Impact of U.S. antidepressant warnings still felt
CHICAGO - Strong warnings by the U.S. Food and Drug Administration about suicide risks linked to antidepressant use in children and young adults have had a spillover effect on depression care in older adults, researchers said on Monday.
They said the warnings resulted in a lasting decline in depression diagnosis and treatment, even for older adults, and urged the FDA to revise its policy.
Policy actions are required to counter the unintended consequences of reduced depression treatment, Anne Libby of the University of Colorado and her colleagues wrote in the Archives of General Psychiatry.
U.S. and European regulators sent out a series of public health warnings on use of antidepressant drugs beginning in 2003 after clinical trials showed they increased the risk of suicidal thoughts and behaviors in children and teens.
In February 2005, the FDA added its strongest warning, a so-called black box, on the use of all antidepressants in children and teens to draw attention to the possible risks of these medications.

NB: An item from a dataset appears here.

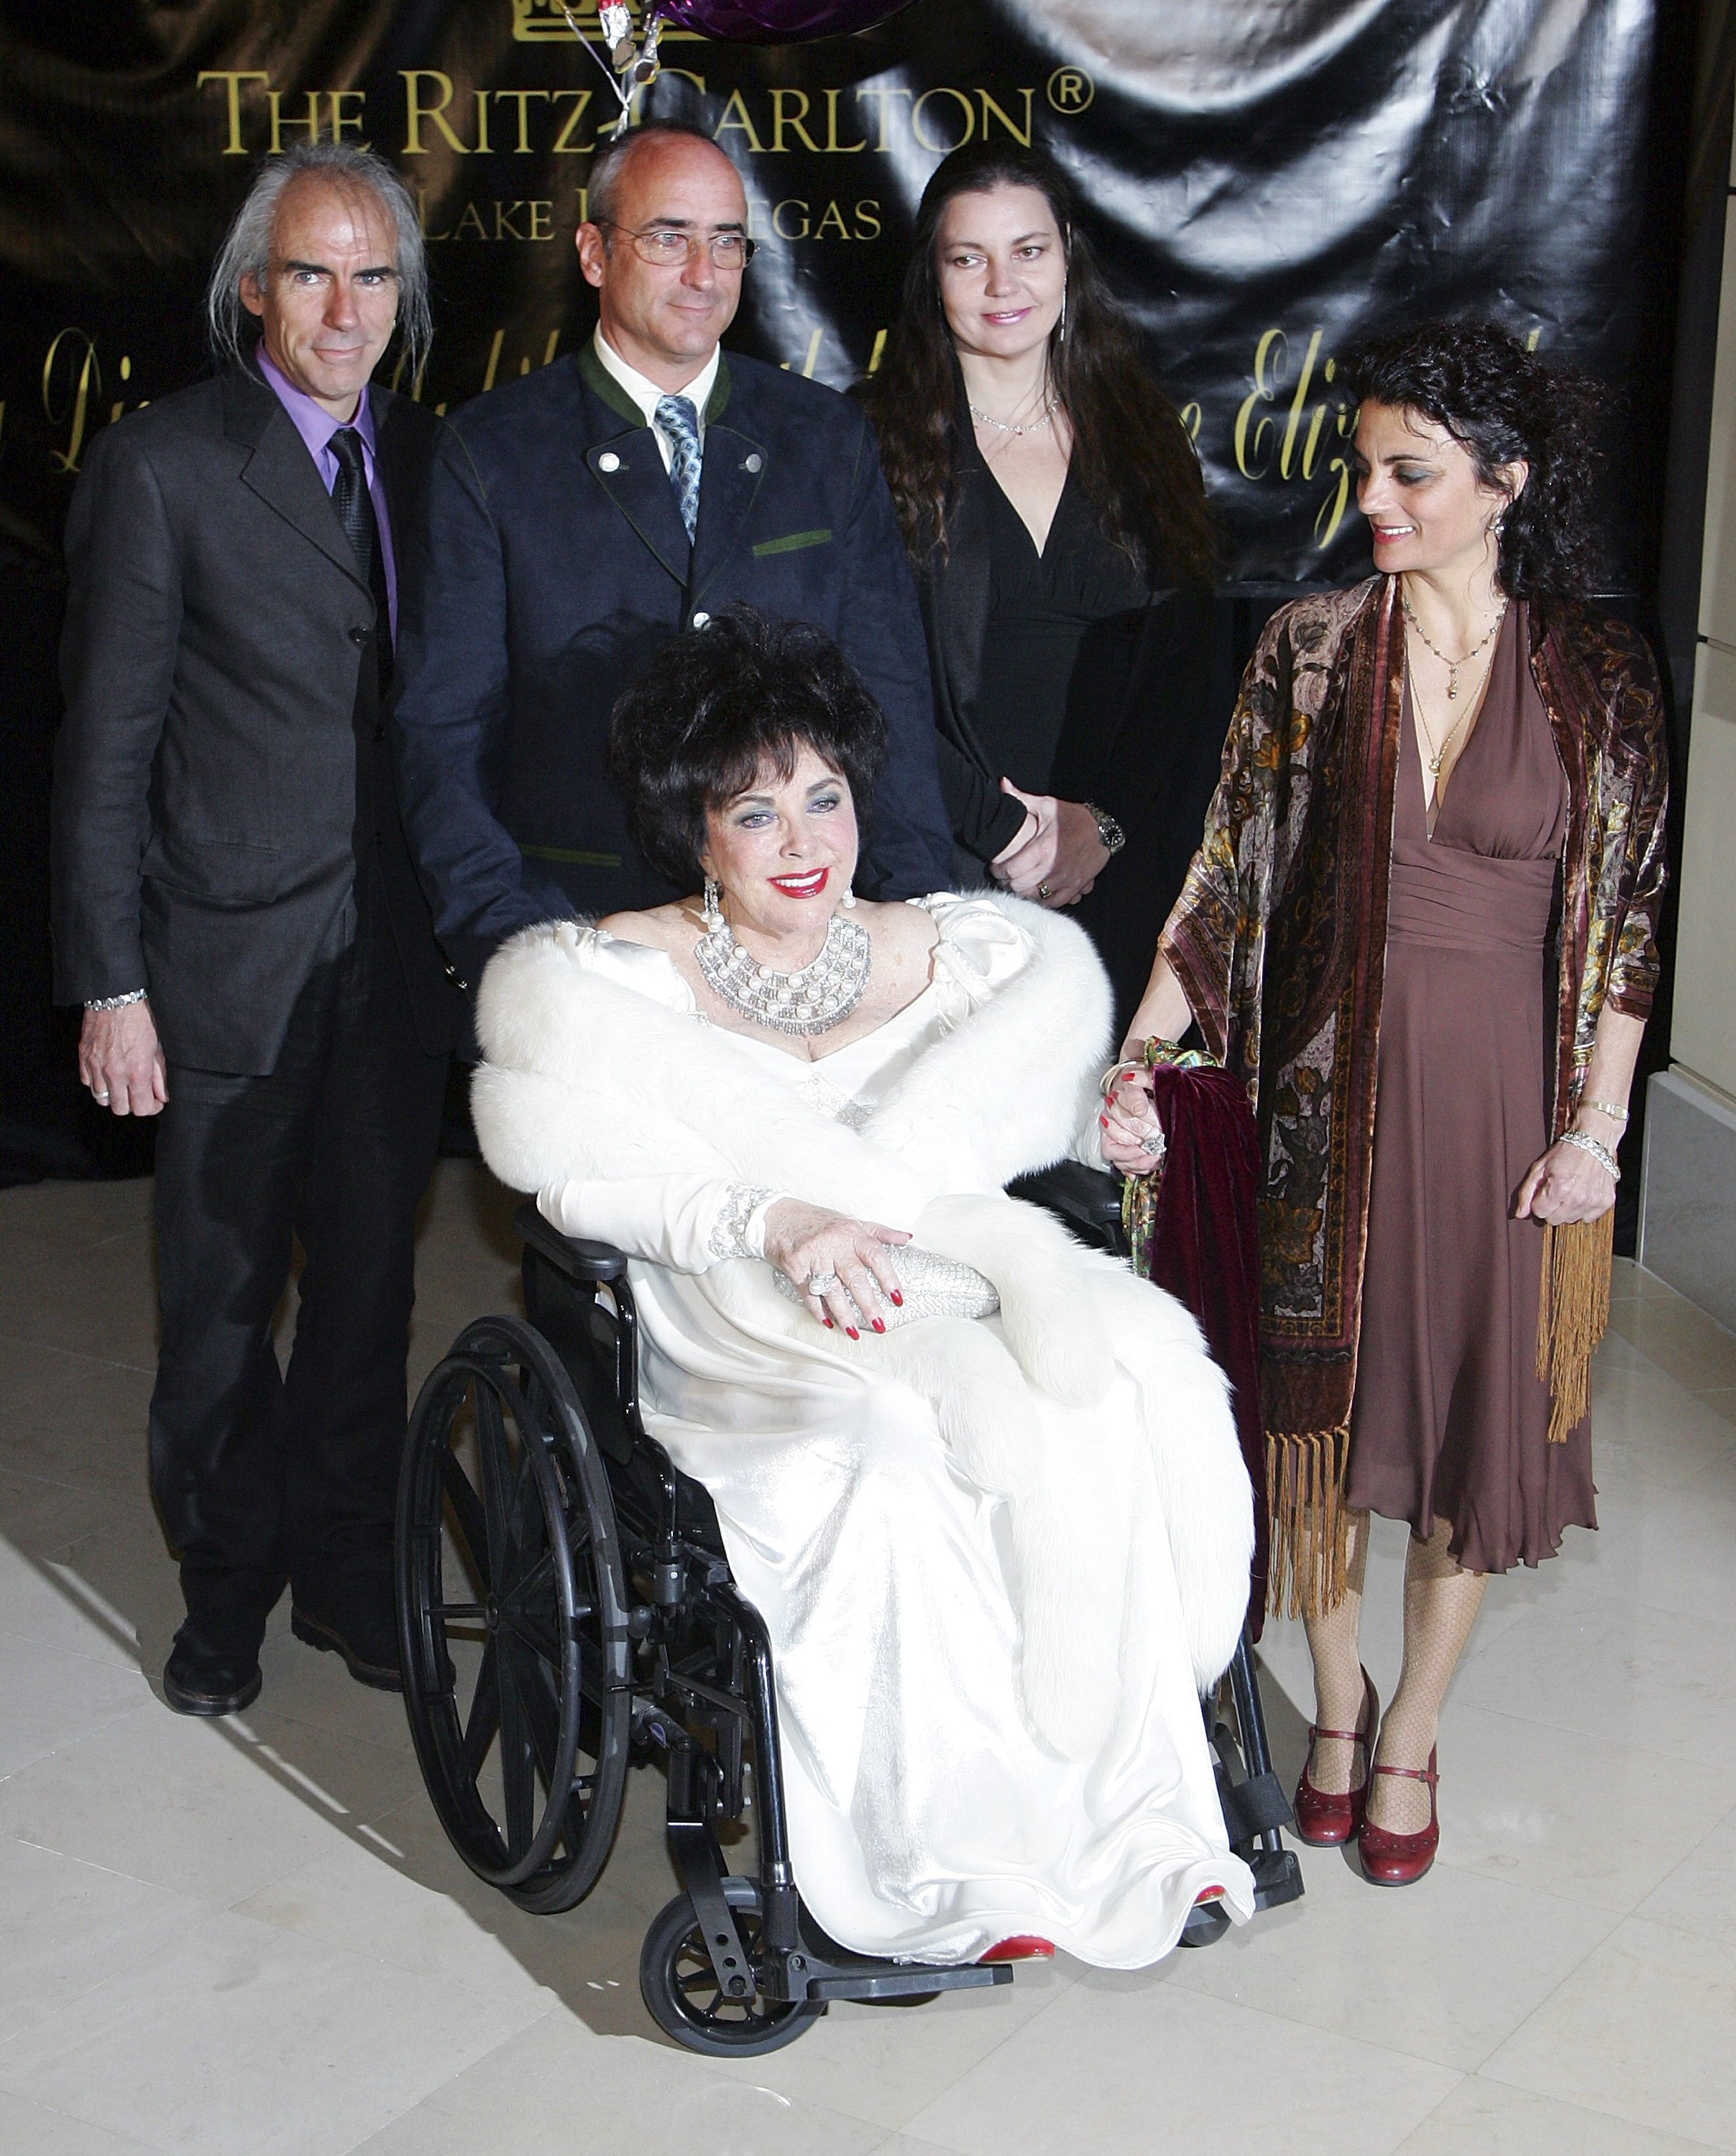 Elizabeth Taylor attends her 75th birthday party with her children (L-R) Michael Wilding Jr., Christopher Wilding, Maria Burton, and Liza Todd at the Ritz-Carlton, Lake Las Vegas on February 27, 2007, in Henderson, Nevada. | Source: Getty Images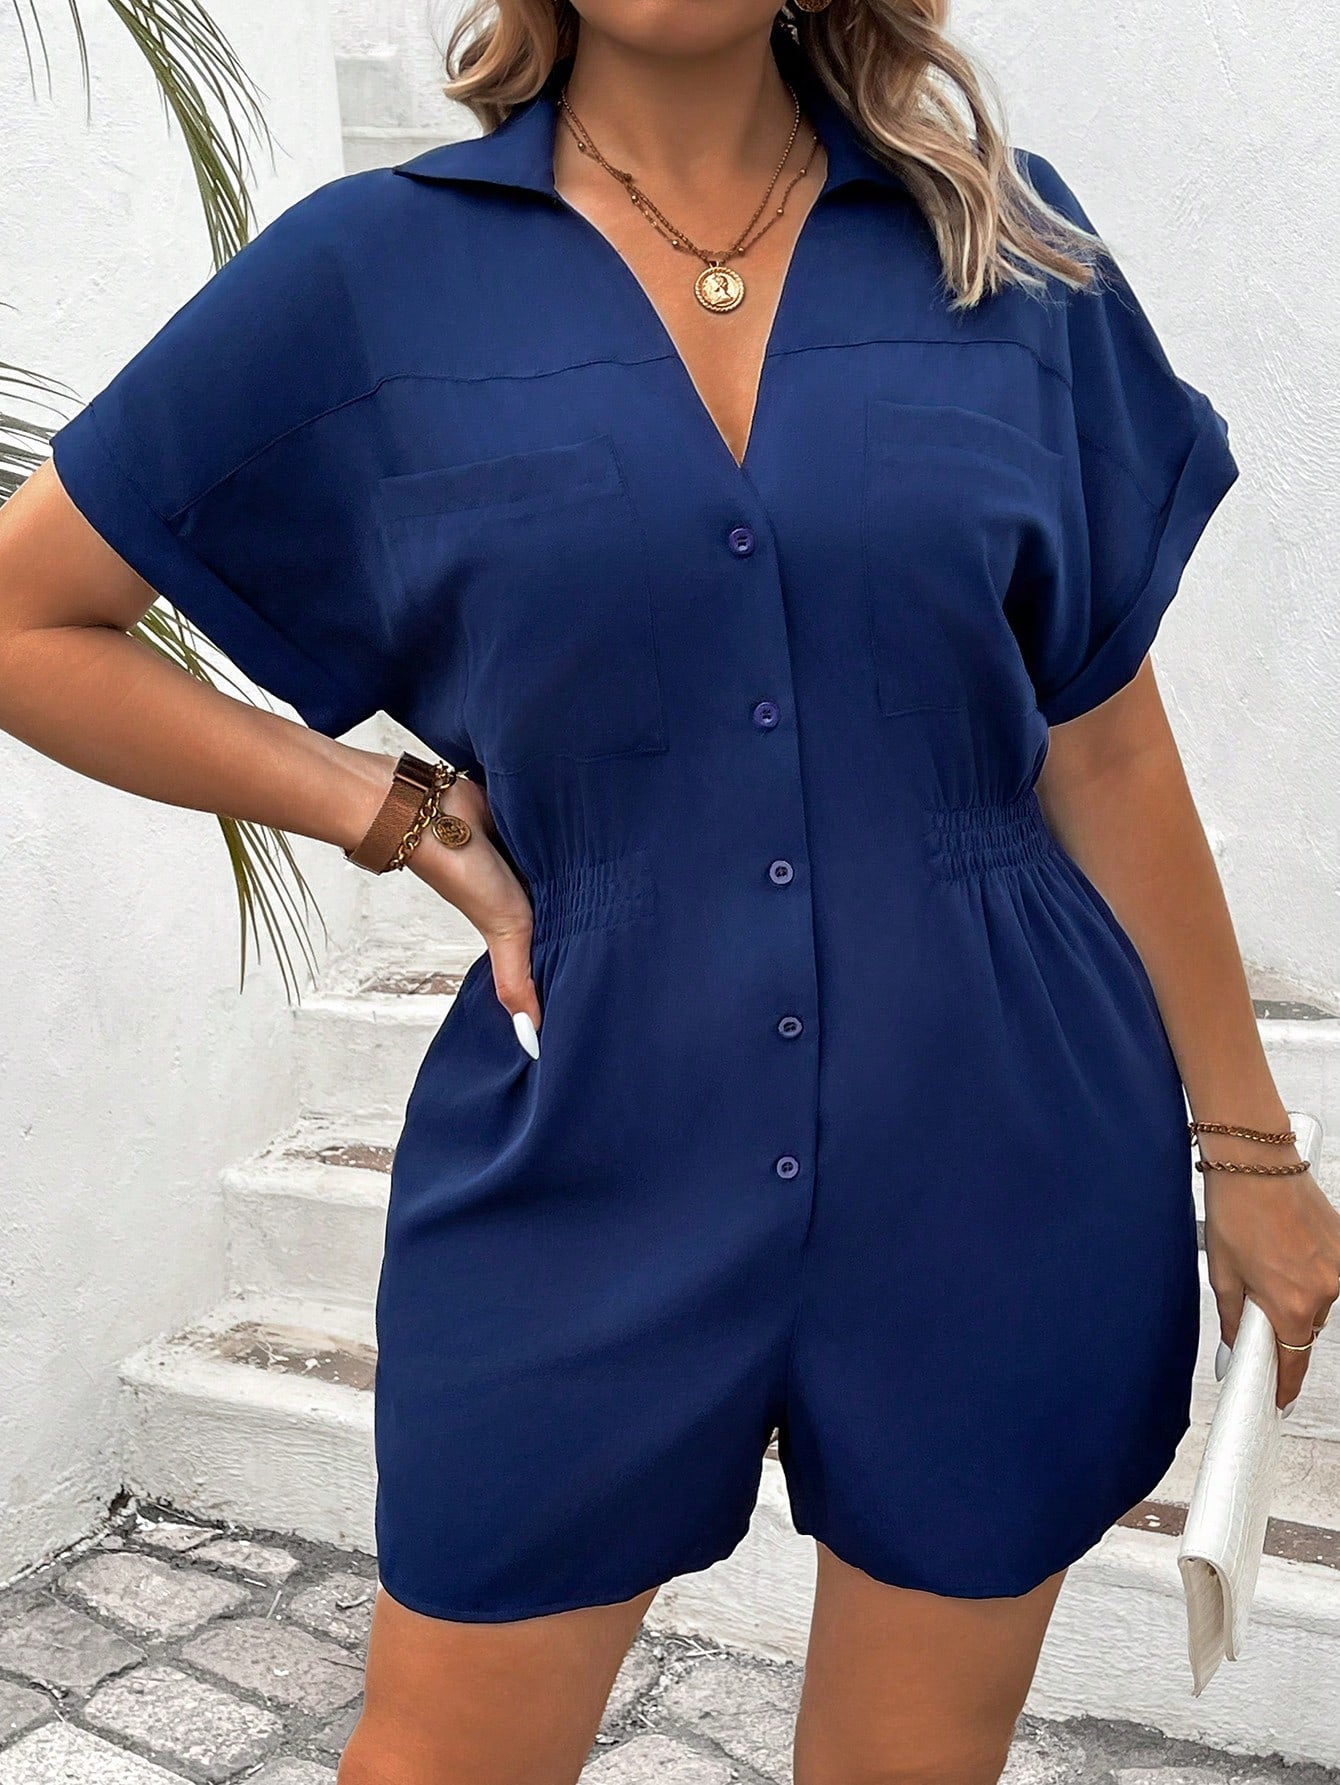 Plus Size Women's Solid Color Batwing Short Sleeve Romper With Single-Breasted Design

In May 2007, it extended the warnings to young adults aged 18 to 24.
Many psychiatrists have criticized the warnings, saying they scare people away from effective treatment for depression, the leading cause of suicide.
And recent studies have suggested the drug warnings triggered an 8 percent rise in suicide among youth and teens in 2004, the biggest one-year gain in 15 years.
To understand the full impact of the warnings, Libby and colleagues analyzed managed care claims data from July 1999 through June 2007.
While they saw steady increases in the rate of depression diagnoses in each group between 1999 through 2004, the rate of diagnoses in children and teens fell sharply starting in 2004.
They found primary care doctors specifically diagnosed fewer cases of depression, with a 44 percent lower rate among children and adolescents, 37 percent lower among young adults and 29 percent lower among adults.
Doctors did not, apparently, turn to other drugs, including older antidepressants and anxiety drugs, the researchers said. Nor did they, evidently, offer non-drug treatments such as cognitive behavioral therapy, which aims at changing the way patients think.
Use of antidepressants called selective serotonin reuptake inhibitors or SSRIs, which affect a message-carrying brain chemical called serotonin, decreased in all three groups.
While the warnings achieved the intended effect of reducing antidepressant use in young people, Libby and colleagues said they had a persistent, unintended effect on depression diagnosis and treatment, and urged the agency to revise its policy.
Because the team looked at health insurance claims data, they could not address why doctors diagnosed fewer cases of depression. We don't know why. What we can say is that the warnings definitely changed behavior, Libby said in a telephone interview.
She said it may be that patients are not seeking treatment or that doctors are not making diagnoses because they do not feel they have good treatments to offer.
The shortage of psychiatrists, especially child and adolescent psychiatrists in the community, is felt by every clinician who has ever been asked for help by desperate parents with a suicidal child, they wrote.
We appreciate these efforts to look at possible impacts of our labeling changes, and we continue to gather data and assess this situation, Sandy Walsh, a spokeswoman for the FDA, said in an e-mail.
Walsh said the trends being seen are a concern but noted the agency also tracks other data, including suicide data from Centers for Disease Control and Prevention.